▶ _What you need to do_: In the records below, begin at the line that has "Samsung Freestyle + poklon Galaxy Buds pro" and stop after the line that has "Pack de 3 - Energizer"; quote those lines verbatim and nothing more.

▶ _Raw data_:

--

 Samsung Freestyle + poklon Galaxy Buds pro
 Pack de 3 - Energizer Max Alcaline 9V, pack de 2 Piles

--

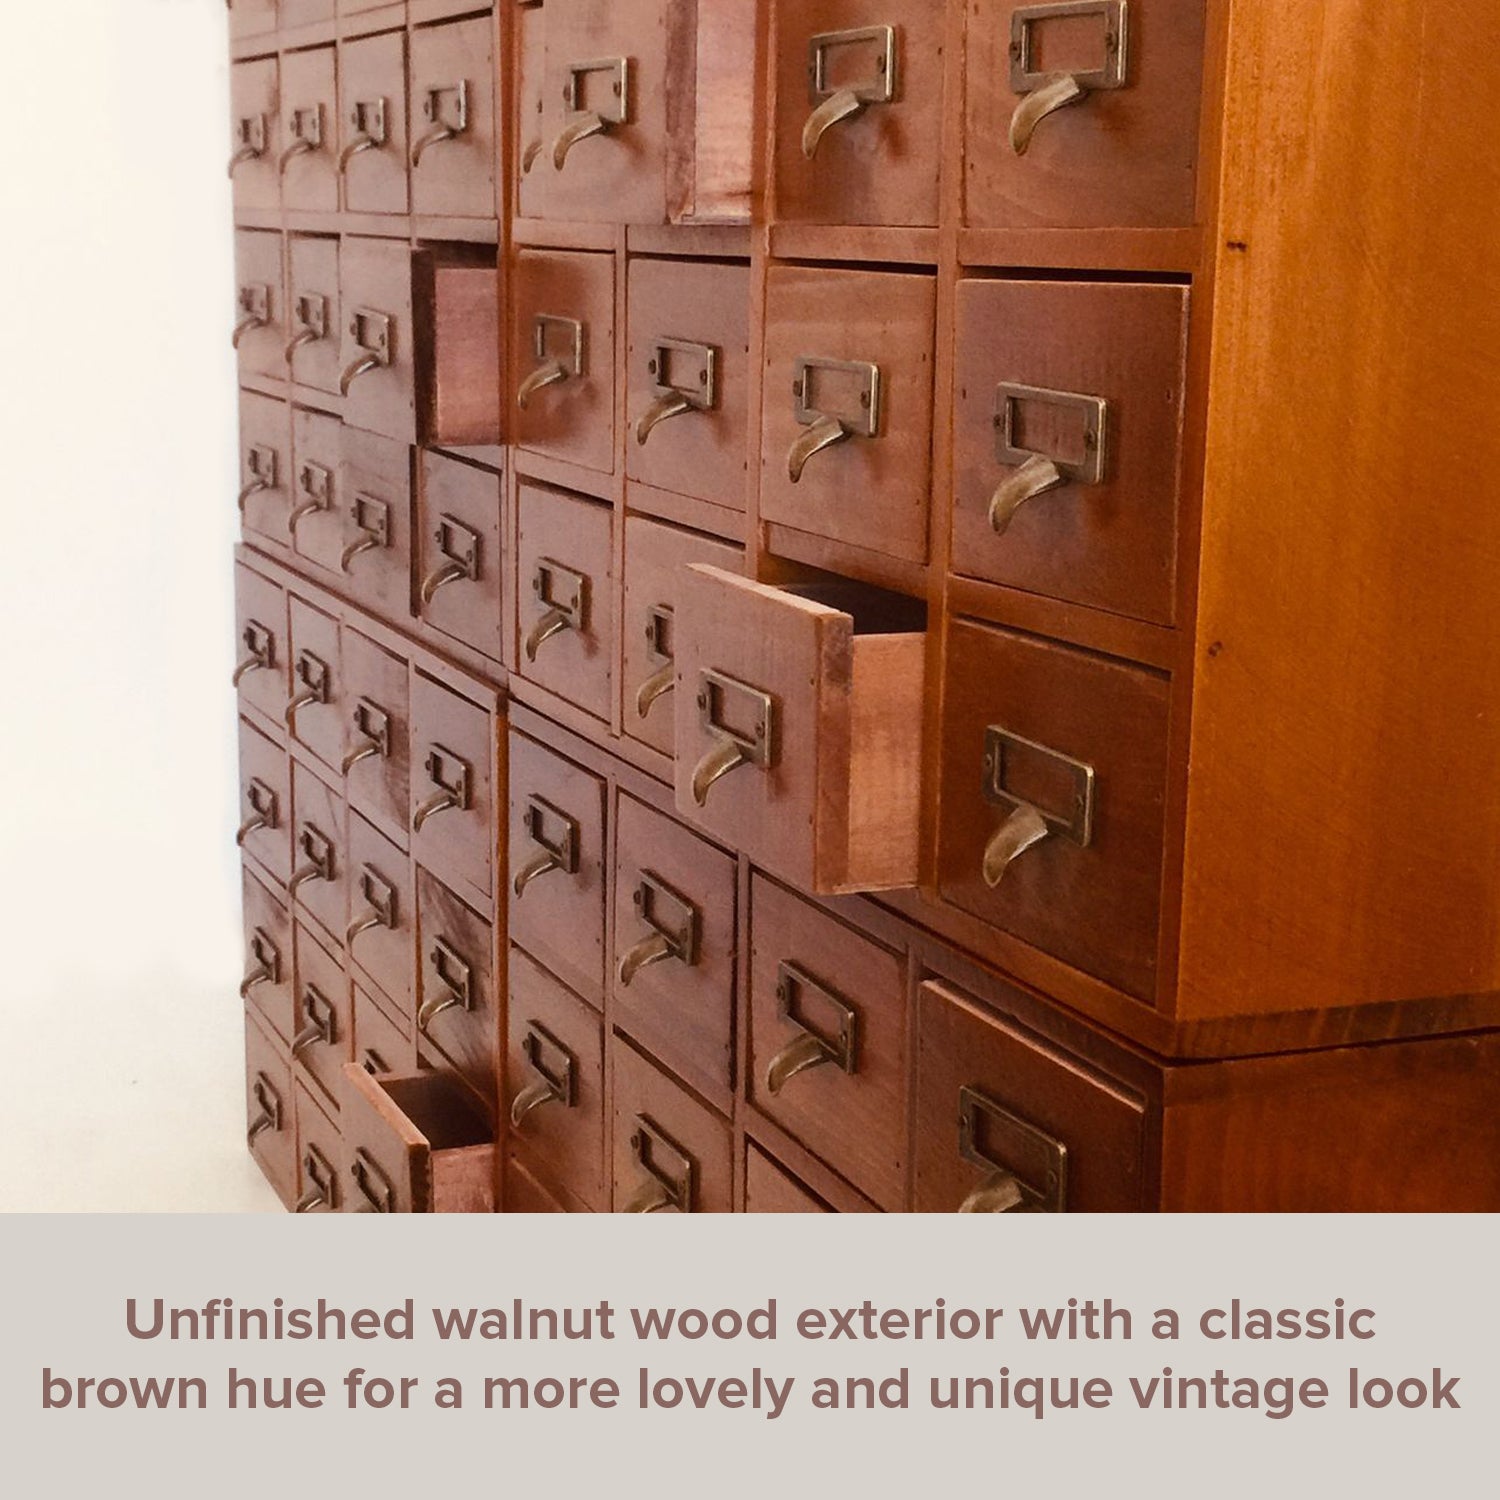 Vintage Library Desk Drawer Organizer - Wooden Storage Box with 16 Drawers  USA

--

▶ _Answer to the problem_:
 Samsung Freestyle + poklon Galaxy Buds pro
 Pack de 3 - Energizer Max Alcaline 9V, pack de 2 Piles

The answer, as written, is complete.